Nothing compares, though, to the negativity that came with the release of Stranger Things season five, and, ultimately, within that mess, I decided to deactivate my Threads account. Literally every post about the show, a show I've loved for nearly ten years now and holds special meaning for me in a lot of ways, turned into a fight. On New Year's Eve I got called an asshole, solely for reminding someone that a certain character had not existed until later on in the show, after they tried to make a case that a main character needed to die in order for the story to have any meaning at all. (I am fully and completely against "make the stakes real" killings in media.) Even in conversations with people who agreed with me, someone had to cut in and talk about why the season sucked or why this or that character needed to die. I realized it was heavily tainting my experience with this final season of a show that's had much impact on my life, and while I was just about to post an argument that, by the logic some people were expressing, no traumatic experience is worth anything if we don't let it kill us, I realized how freeing it would be to just shut up those voices entirely.
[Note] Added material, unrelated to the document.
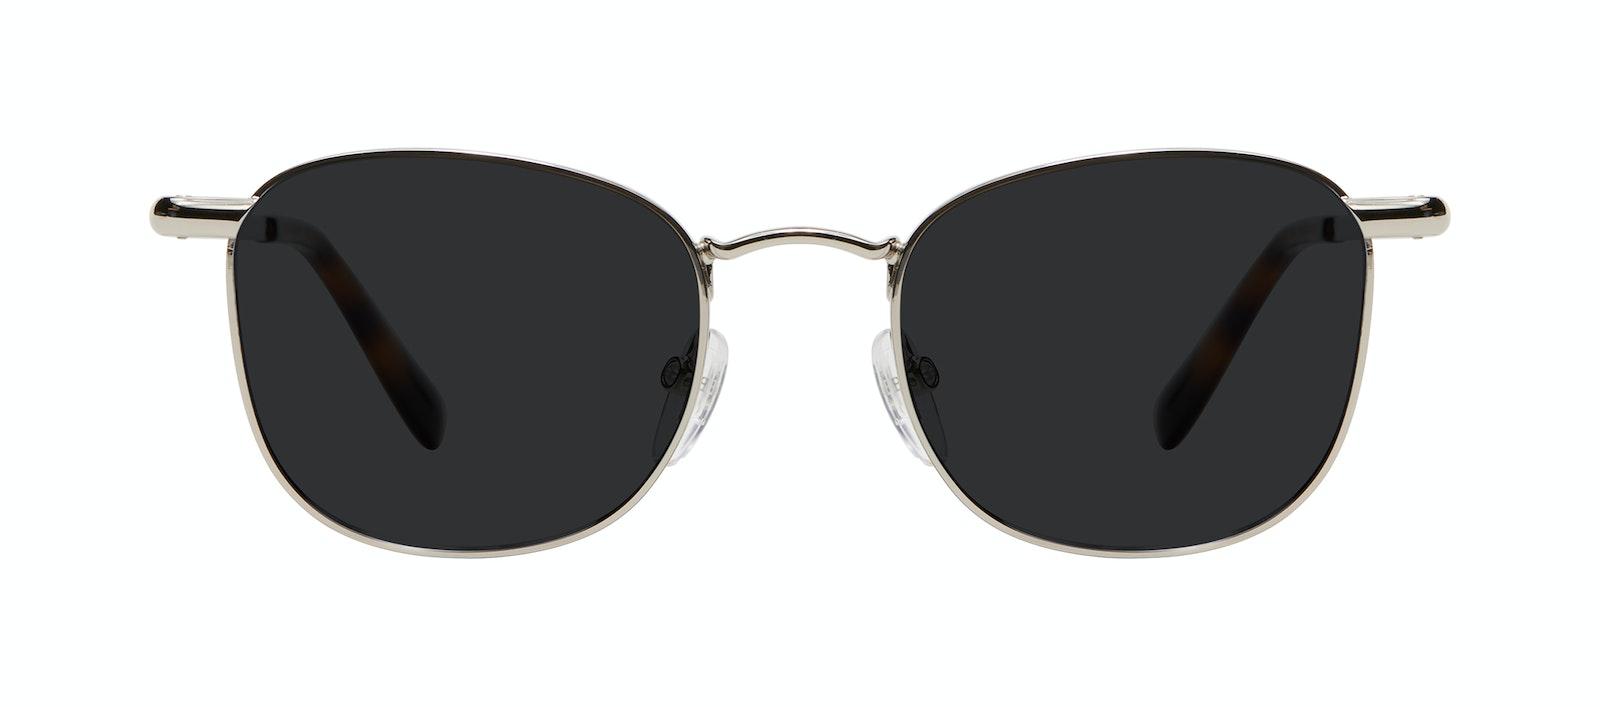 Affordable Fashion Glasses Square Sunglasses Men Women Apex M Silver Front

And so, I deactivated myself. Let all of my words and the words of others so eager to argue disappear. And the thought of going back honestly puts knots in my stomach, so I don't think I will be, unless by some miracle they offer to pay me again. It's truly a toxic platform and I'd really like to know why everyone on it seems to be so angry, at everything, at all times.

Since about October or so, I've found myself wanting to post on social media as a whole less and less. During October itself, I felt as though this was a result of me just wanting to be present in my favorite time of year, and I do feel like I enjoyed it more this year than ever. Around mid-November, I just started to feel uninspired, and the lack of interaction surely doesn't help. I hold out hope that inspiration will come, but I also don't hold my breath waiting for it. When something inspires me, I'll post it, but I'm not going to push myself. Putting myself out there in that way just doesn't always feel worth it anymore. Hopefully things will get better as the year goes on; maybe I won't feel so cynical about it in a few days, weeks, or months. All I know is, I think for now, the toxicity has caught up to me and my introversion and more or less asocial personality is starting to extend to online as well as in person, probably as a result of all of the negativity that social media seems to breed lately. I think maybe I'm looking inward a little more, and that's probably a good thing. As I said earlier, this is most definitely not a goodbye or any sort of "I'm taking an indefinite break" announcement...I've just been holding onto a lot, perhaps more than I realized, and needed to get it off my chest. 

Hopefully this is a safe space to do so, unlike that damn Threads. 

Stay spooky, my friends. I'll see you when I see you.